**Working data:**
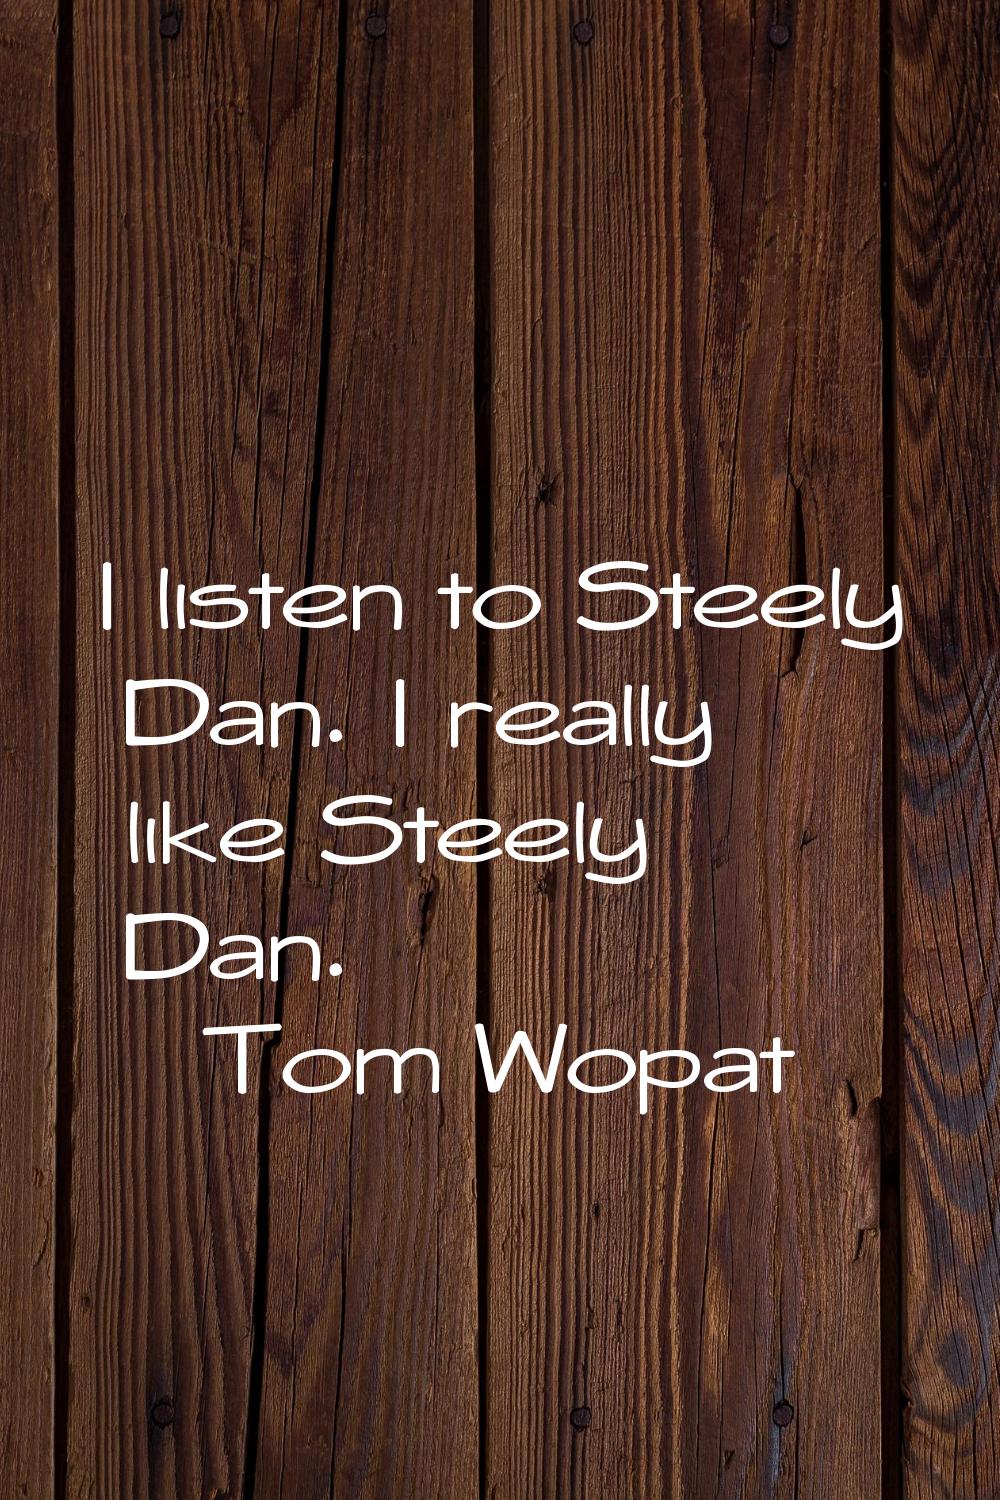 I listen to Steely Dan. I really like Steely Dan.
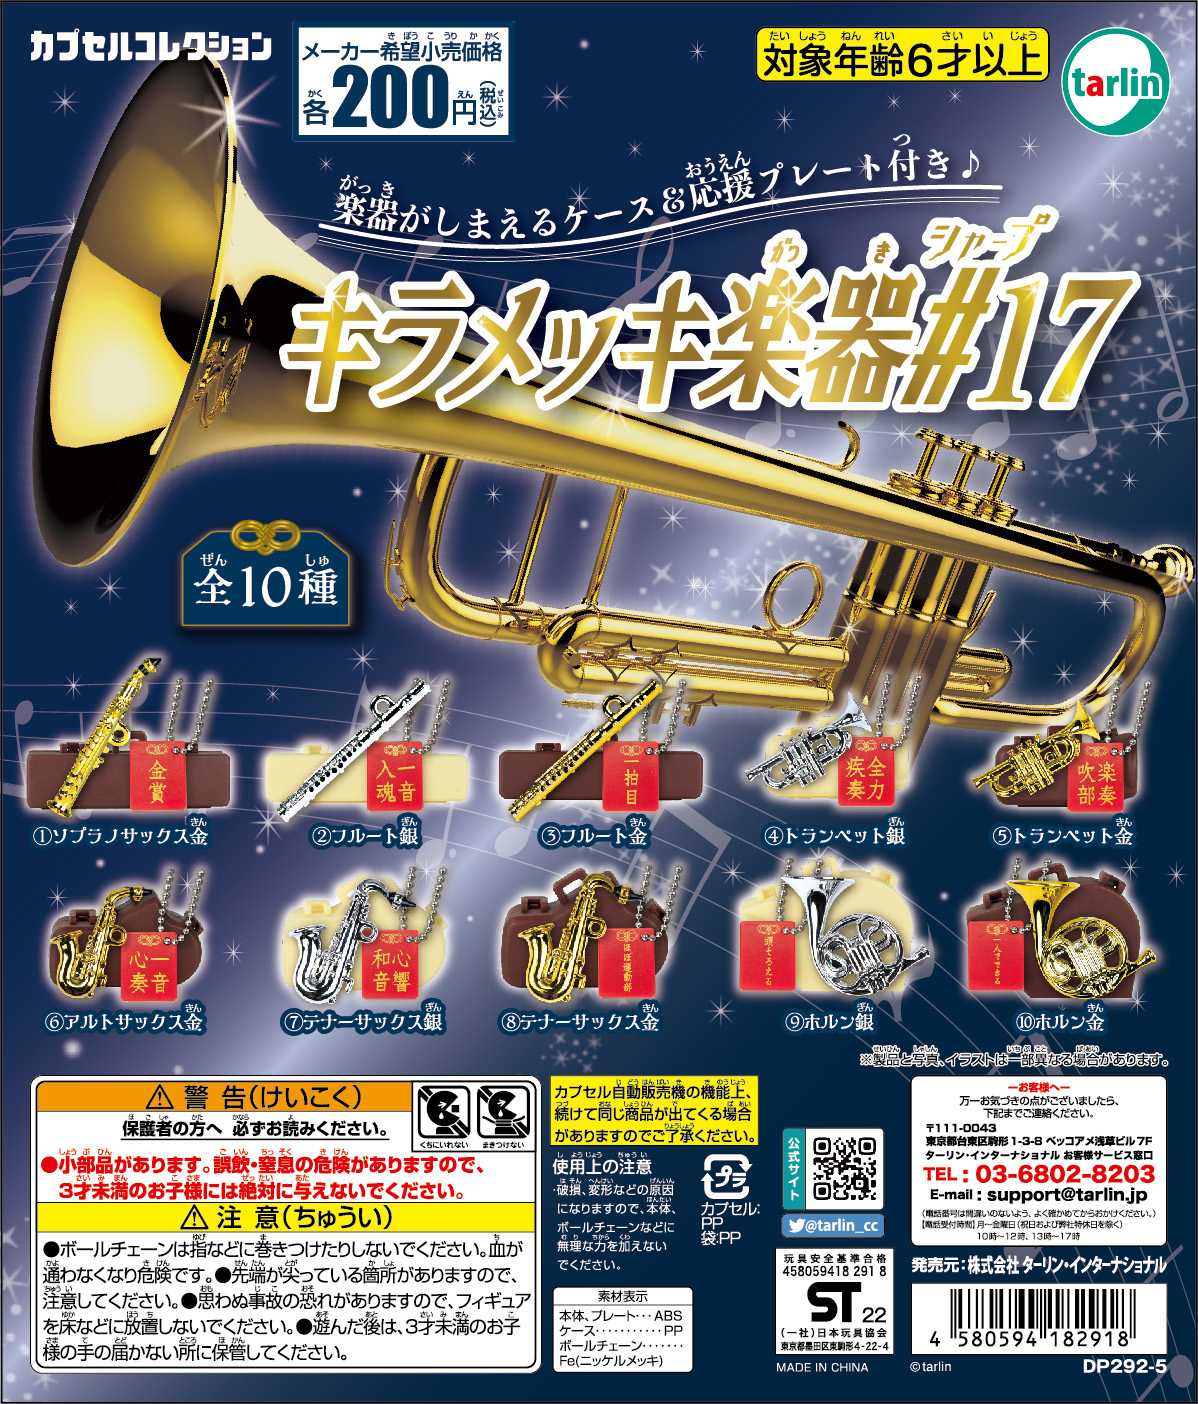 きらめく管楽器がミニチュアサイズで登場 キラメッキ楽器 17 が8月15日に発売 Hobby Watch
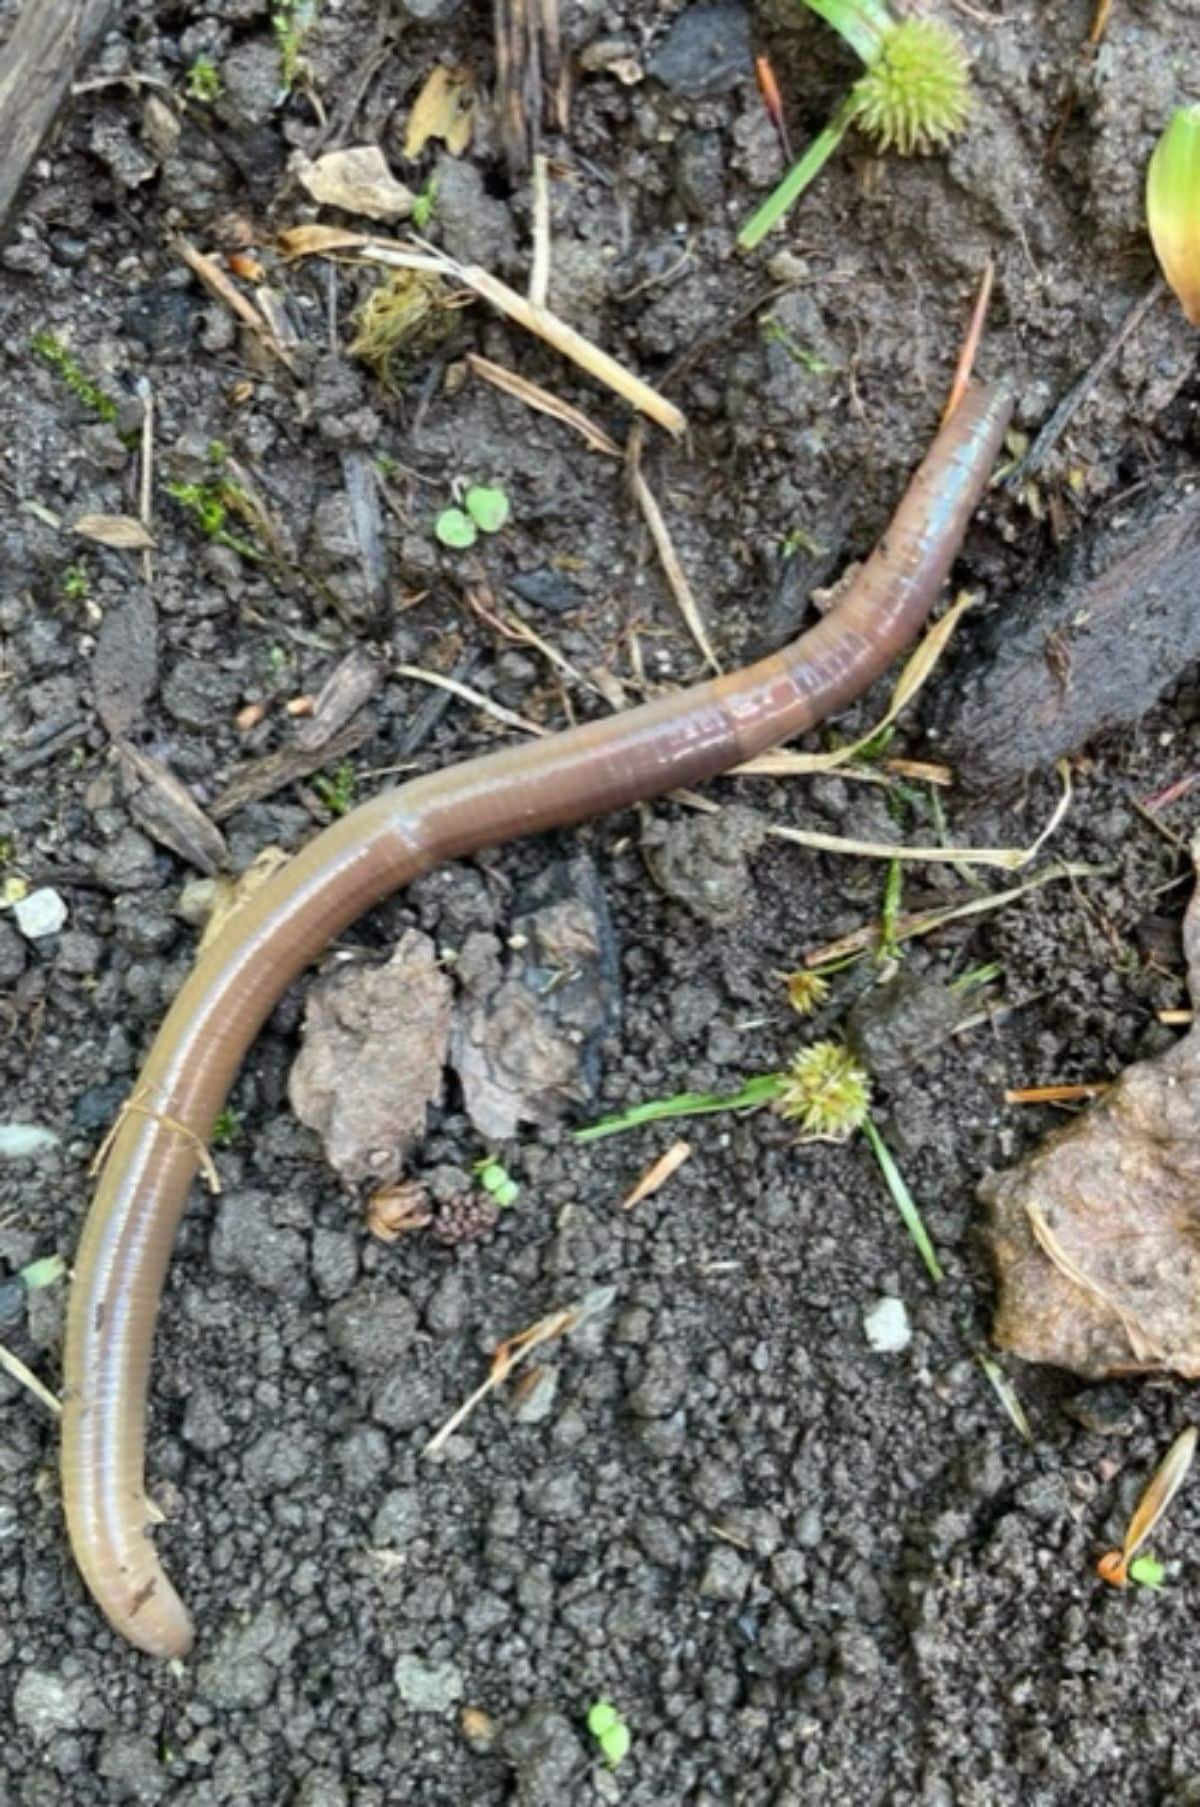 An Asian jumping worm
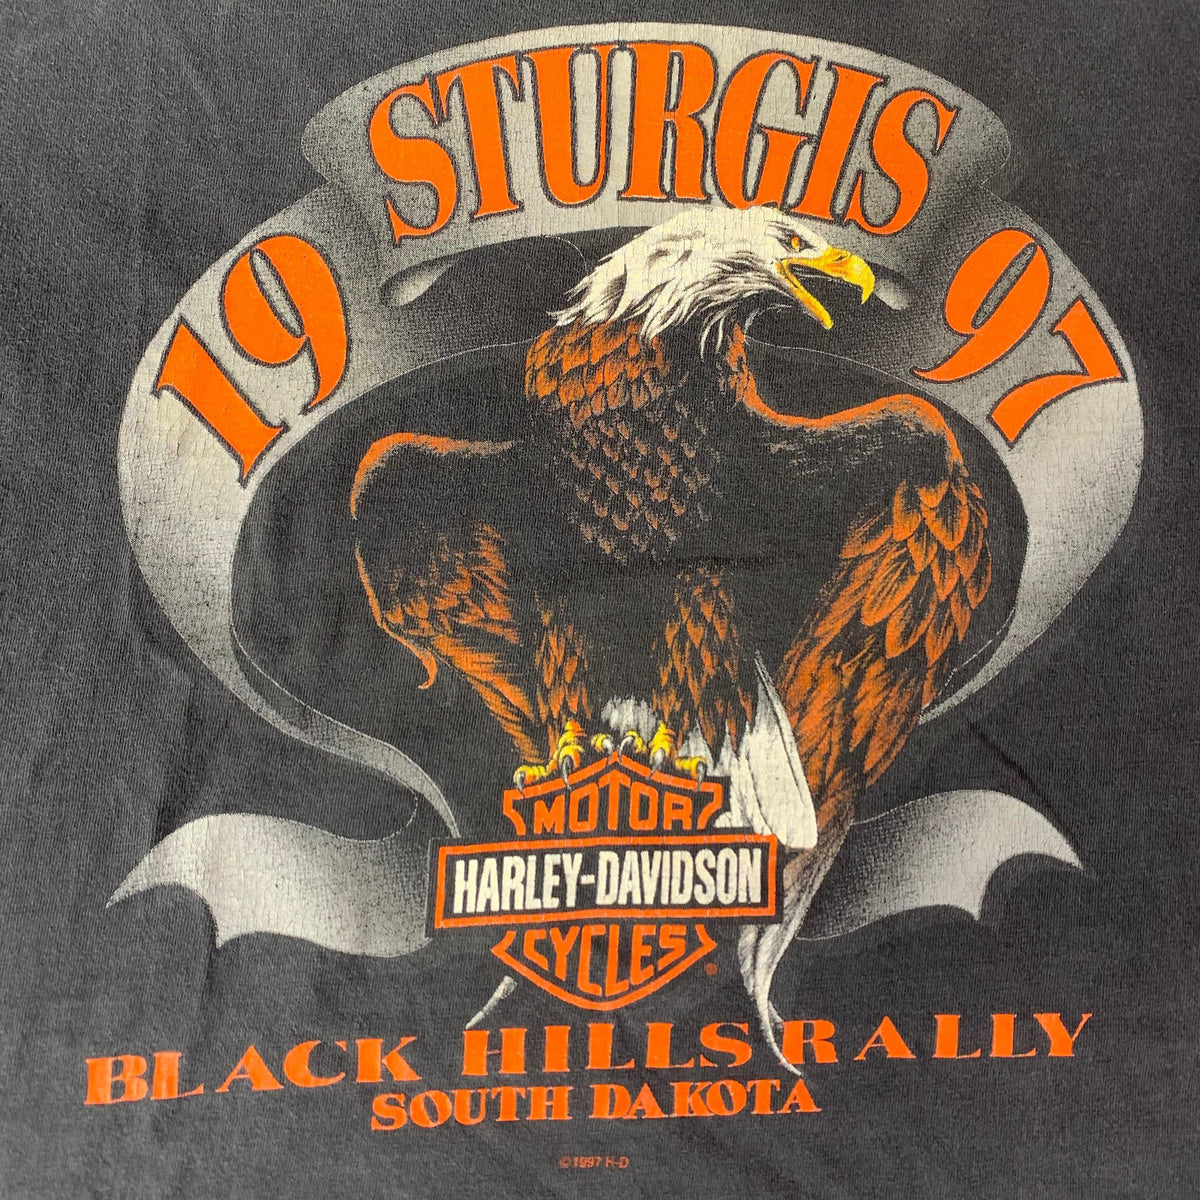 Vintage Sturgis &quot;Harley-Davidson&quot; T-Shirt - jointcustodydc
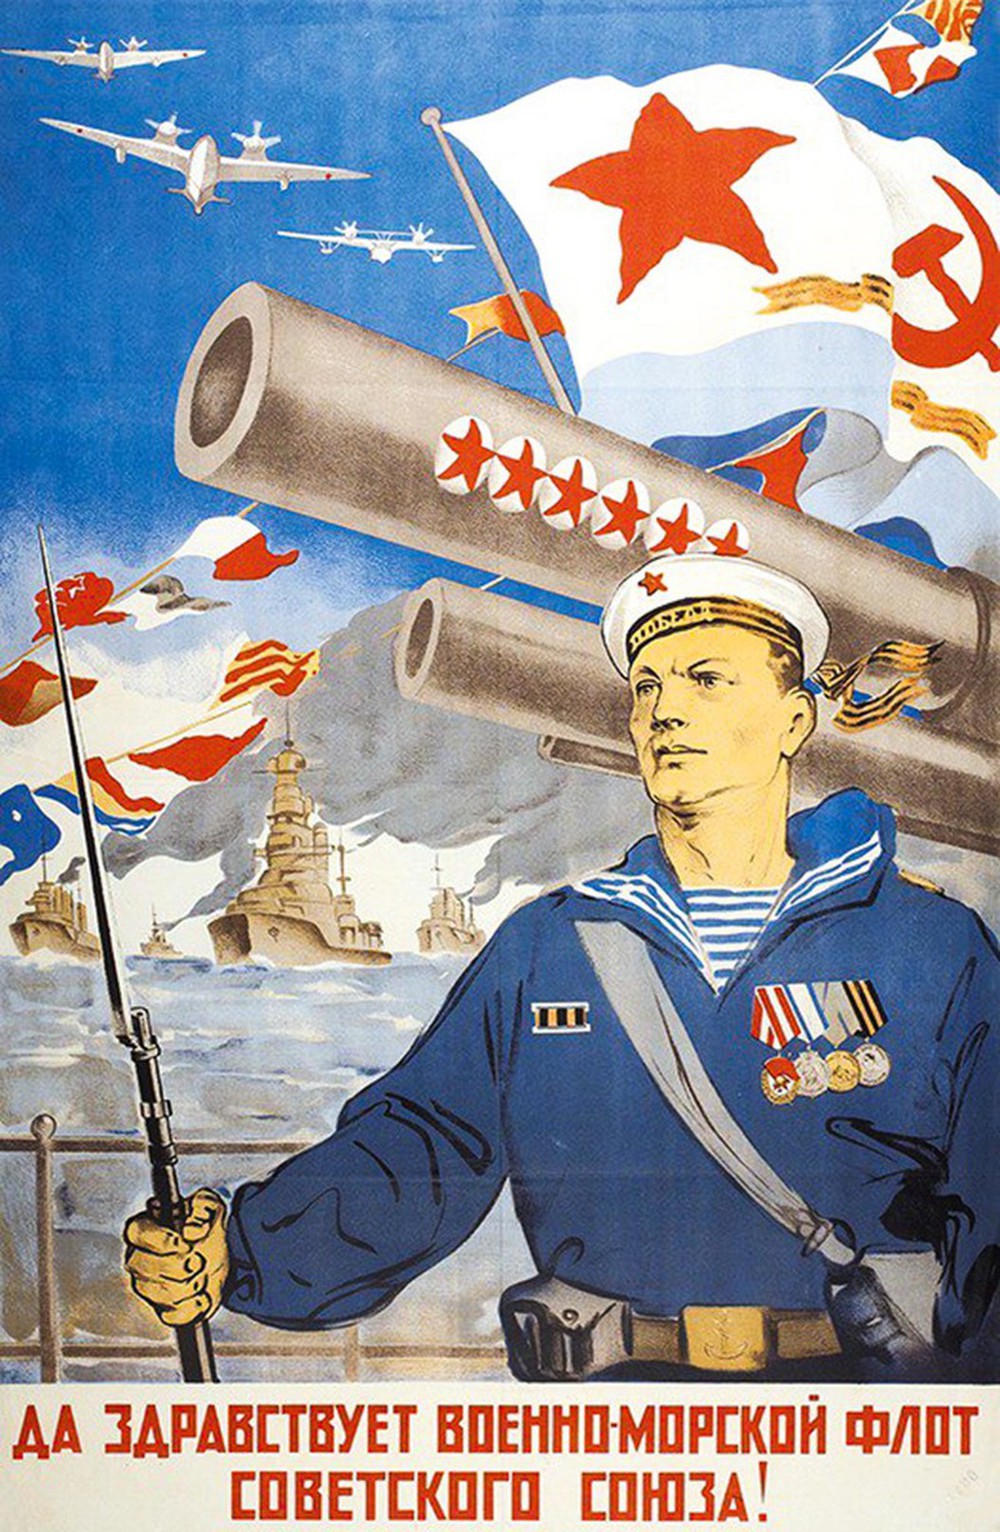 Hải quân Liên Xô “hùng mạnh” qua loạt tranh tuyên truyền sục sôi - Ảnh 13.

**What to do:** Reproduce every record above exactly as given, excluding pictures from the result.

**Expected answer:**
 I listen to Steely Dan. I really like Steely Dan.
 きらめく管楽器がミニチュアサイズで登場 キラメッキ楽器 17 が8月15日に発売 Hobby Watch
 An Asian jumping worm
 Vintage Sturgis &quot;Harley-Davidson&quot; T-Shirt - jointcustodydc
 Hải quân Liên Xô “hùng mạnh” qua loạt tranh tuyên truyền sục sôi - Ảnh 13.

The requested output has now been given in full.